May 18th, 2020Confessions from the great Glenlyon Confest

THE Hare Krishnas were making meals. Just about everyone else was making love.

THE Hare Krishnas were making meals. Just about everyone else was making love.

When the stories of festivals are written, there’s Woodstock, Glastonbury and even Sunbury. Add to that Glenlyon.

In the early 80s they came in their thousands to the Glenlyon Recreation Reserve: alternative thinkers, social change agents and community dreamers is what they now call themselves.

Back then, however, they were pretty much hippies. “Sex ‘n’ drugs ‘n’ rock‘n’roll…,” is how one festival-goer now describes the festival, “without the rock‘n’roll”.

That’s the recollection of Daylesford wedding celebrant Beverley Risstrom, who remembers the Down to Earth Confest as a fabulous time when one of the few hiccups was after a kid in childcare aged about three requested and got a Mohican haircut. Then his mother arrived.

“There was so much angst,” she says, “we had to move to the healing circle.”

Beverly rocked up to the festival with her brother, her boyfriend and two girlfriends, camping in the warm weather, swimming, then rolling in the mud and freshly mown hay.

“I got an ‘elephant skin’ and also four or five straight lines on my arm, scratches either from a platypus or ‘a spirit animal’. It was pretty wild, but I don’t remember any violence.”

She does remember the local CFA coming out to hose the mud off the naked revellers…and the look on the face of a young kid on the firetruck as the mass of naked bodies among the 5000 were washed down. That kid may have been Damian Leonard, now a potato farmer at Glenlyon, who says he would have been 12 at the time, had a dad in the CFA, but doesn’t recall the incident.

Like Beverly, however, Shelley Beer remembers the festival pottery necklace which was the pass-out before wrist-bands. She harks back to the 1982 Confest, one of the hundreds held across the country since 1976.

“My most vivid memories? Nudity, rebirthing, noise. Swimming in the reserve creek. The view of all the campers set up above the oval among the gum trees of the amphitheatre hill. The smell of dope.”

At age 25, she enjoyed the exciting atmosphere – and the Chai Tent as a great place to gather. The Rainbow Chai Tent still operates.

 Among the characters was a bloke who was prone to stand atop a bus with a warning sign while wearing a gas mask.

“My cousin played at Glenlyon for the Panton Hill Umbrella Club (PHUC), who were known for having performed regularly around the St Andrews area,” says Shelley.

She arrived in Daylesford in 1993, and moved to Glenlyon in 2006, living in the district for 25 years.

At 62, she now lives permanently on a catamaran. When interviewed by e-mail, she had been locked down in Spain for eight weeks.
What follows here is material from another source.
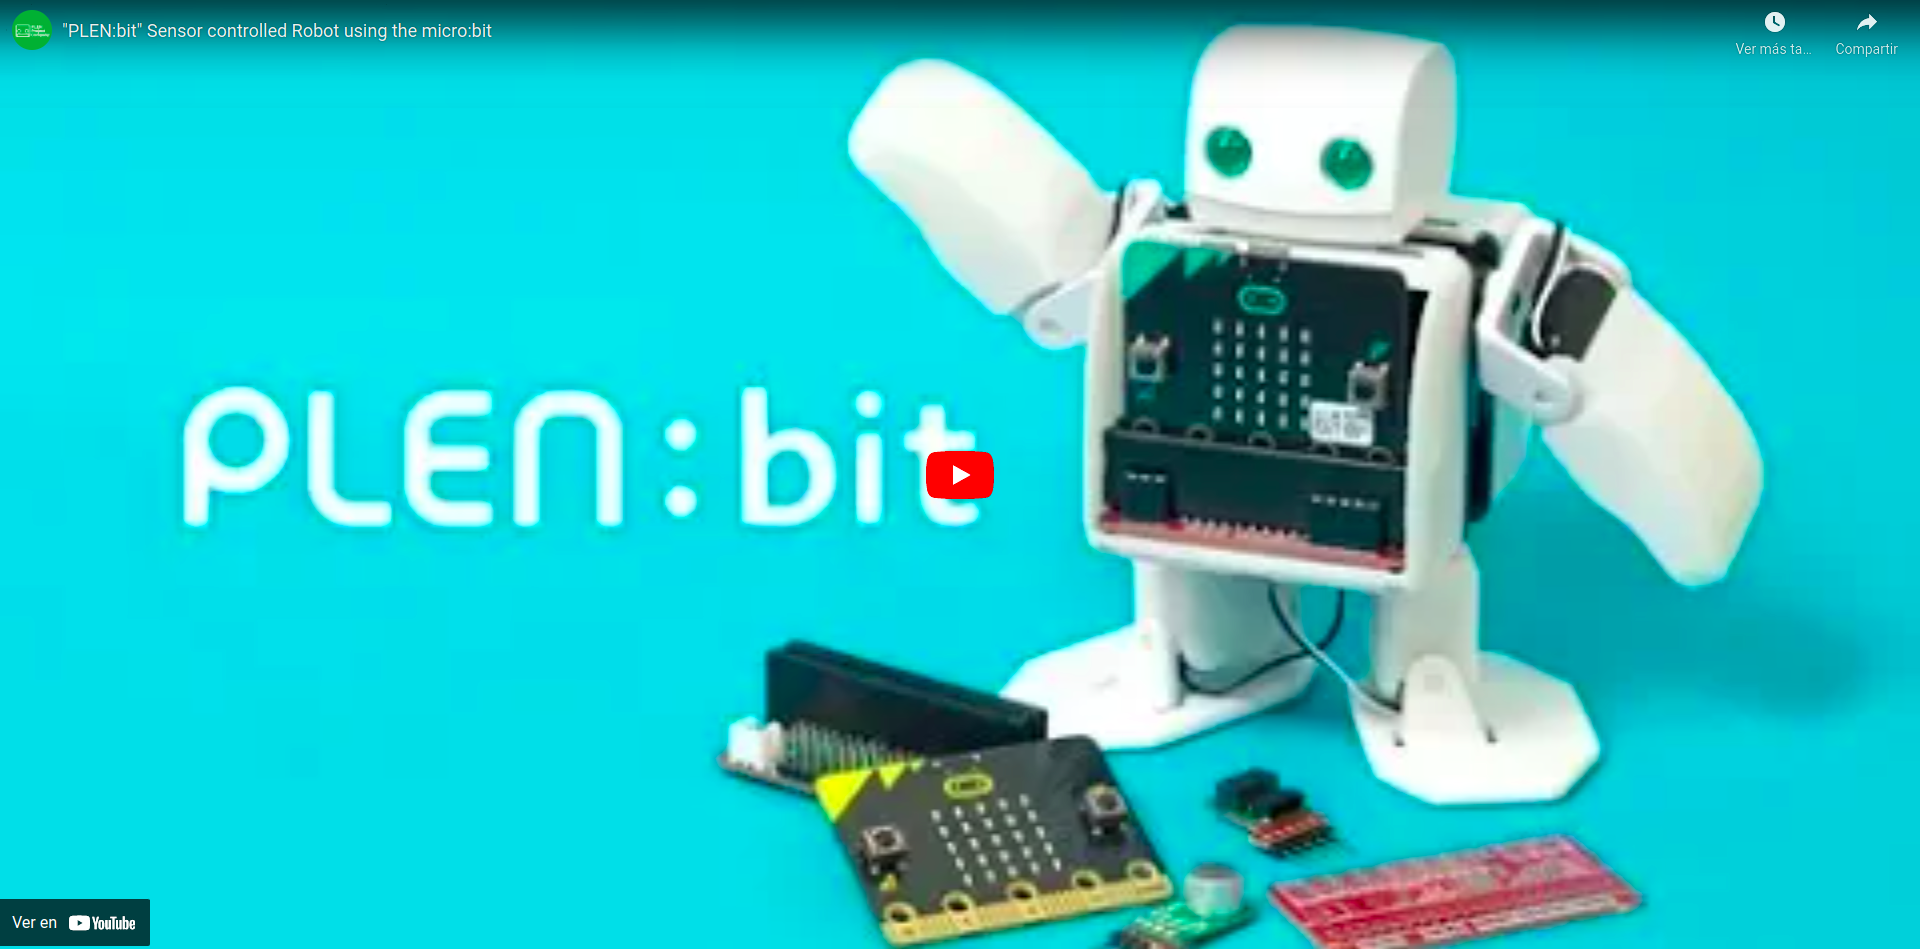 Vídeo que describe el robot PLEN:bit que utiliza los sensores de la placa micro:bit

 “The plan was to sail into the Mediterranean this summer. We’ll be sailing until we can’t…so that’s semi-permanent. We plan to eventually sail across to the Caribbean, explore there, the Panama Canal, and Pacific Islands before maybe returning to Australia/ New Zealand in five to 10 years.”

When the Down to Earth Confest was set up all those years ago, one aim was to shape a future of choices where individual needs were not suppressed and people were encouraged to follow their own paths.

Clearly, Shelley Beer acted on that message.